● EXERCISE PROMPT
Show all lines from the records below in which the string "para" is present.

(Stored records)
+-------+

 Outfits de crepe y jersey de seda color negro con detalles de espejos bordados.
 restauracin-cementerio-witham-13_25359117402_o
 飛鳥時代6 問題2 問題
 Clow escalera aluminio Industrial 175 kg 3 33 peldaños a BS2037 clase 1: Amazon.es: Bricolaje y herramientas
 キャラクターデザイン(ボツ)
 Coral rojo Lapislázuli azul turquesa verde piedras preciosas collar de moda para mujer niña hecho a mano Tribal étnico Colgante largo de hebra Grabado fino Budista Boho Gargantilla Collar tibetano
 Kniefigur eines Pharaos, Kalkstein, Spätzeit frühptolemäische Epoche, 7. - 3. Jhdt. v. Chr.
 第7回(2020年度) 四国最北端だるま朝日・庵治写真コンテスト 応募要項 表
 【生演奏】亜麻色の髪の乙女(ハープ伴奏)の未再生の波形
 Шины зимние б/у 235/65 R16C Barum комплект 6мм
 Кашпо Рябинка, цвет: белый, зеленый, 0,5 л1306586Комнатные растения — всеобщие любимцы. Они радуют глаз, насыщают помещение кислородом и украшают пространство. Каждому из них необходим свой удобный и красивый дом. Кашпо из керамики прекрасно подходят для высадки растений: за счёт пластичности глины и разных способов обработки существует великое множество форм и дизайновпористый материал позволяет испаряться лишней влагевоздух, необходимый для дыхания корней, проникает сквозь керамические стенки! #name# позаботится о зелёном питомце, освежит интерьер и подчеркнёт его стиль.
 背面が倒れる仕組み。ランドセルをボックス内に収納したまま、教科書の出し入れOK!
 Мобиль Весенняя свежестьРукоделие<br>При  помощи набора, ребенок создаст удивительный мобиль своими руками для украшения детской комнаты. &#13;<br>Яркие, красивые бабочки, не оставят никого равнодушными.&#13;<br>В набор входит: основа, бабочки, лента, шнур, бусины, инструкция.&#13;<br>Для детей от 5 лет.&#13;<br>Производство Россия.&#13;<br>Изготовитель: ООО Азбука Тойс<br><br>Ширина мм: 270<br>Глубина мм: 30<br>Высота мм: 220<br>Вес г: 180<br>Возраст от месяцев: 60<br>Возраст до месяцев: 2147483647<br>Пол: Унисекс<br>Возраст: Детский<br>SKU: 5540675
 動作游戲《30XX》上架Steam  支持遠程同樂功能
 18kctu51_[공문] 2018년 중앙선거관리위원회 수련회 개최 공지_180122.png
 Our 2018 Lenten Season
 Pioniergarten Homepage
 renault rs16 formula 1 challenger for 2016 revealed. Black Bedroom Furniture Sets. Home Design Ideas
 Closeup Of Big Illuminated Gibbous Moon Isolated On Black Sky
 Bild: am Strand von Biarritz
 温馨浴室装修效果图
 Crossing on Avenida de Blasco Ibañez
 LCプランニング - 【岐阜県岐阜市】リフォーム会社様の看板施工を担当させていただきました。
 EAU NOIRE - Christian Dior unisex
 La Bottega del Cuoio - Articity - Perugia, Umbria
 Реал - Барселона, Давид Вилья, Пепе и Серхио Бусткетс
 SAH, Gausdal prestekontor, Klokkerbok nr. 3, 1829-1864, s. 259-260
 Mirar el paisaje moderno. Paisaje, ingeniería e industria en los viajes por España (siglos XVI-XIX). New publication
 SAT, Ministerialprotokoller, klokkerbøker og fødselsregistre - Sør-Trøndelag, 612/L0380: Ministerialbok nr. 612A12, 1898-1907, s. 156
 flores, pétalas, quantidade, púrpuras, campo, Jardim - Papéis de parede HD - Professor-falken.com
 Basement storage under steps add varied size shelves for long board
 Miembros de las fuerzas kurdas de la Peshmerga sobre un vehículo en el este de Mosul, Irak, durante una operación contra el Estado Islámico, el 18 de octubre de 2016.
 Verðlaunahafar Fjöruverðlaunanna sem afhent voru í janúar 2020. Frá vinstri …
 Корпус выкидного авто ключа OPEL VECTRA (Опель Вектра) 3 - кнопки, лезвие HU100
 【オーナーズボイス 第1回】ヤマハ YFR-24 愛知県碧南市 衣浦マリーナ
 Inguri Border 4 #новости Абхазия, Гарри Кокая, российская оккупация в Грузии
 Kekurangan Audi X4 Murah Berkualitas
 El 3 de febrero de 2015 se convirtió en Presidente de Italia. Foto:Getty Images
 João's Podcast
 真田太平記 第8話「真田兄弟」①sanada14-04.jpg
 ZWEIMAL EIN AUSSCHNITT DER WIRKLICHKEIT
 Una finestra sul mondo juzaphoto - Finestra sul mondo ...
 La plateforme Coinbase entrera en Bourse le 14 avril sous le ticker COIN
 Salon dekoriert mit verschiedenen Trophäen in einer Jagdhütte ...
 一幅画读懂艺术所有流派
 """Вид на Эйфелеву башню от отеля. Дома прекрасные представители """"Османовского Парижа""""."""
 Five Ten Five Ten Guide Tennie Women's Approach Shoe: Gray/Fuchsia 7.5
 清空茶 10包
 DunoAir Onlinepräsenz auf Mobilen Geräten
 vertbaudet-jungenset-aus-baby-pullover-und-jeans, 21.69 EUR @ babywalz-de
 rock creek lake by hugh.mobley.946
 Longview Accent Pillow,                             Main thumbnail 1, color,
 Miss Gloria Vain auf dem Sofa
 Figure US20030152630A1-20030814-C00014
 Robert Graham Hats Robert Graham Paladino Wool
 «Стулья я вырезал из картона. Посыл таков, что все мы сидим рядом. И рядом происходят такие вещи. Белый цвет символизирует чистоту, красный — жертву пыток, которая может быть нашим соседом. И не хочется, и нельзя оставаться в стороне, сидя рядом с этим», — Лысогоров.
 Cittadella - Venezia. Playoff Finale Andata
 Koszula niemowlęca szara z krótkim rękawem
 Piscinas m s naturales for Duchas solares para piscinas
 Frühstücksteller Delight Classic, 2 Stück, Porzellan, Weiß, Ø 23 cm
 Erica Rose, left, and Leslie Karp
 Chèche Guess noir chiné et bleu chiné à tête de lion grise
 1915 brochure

+-------+

● ANSWER TO THIS EXERCISE
 Coral rojo Lapislázuli azul turquesa verde piedras preciosas collar de moda para mujer niña hecho a mano Tribal étnico Colgante largo de hebra Grabado fino Budista Boho Gargantilla Collar tibetano
 Piscinas m s naturales for Duchas solares para piscinas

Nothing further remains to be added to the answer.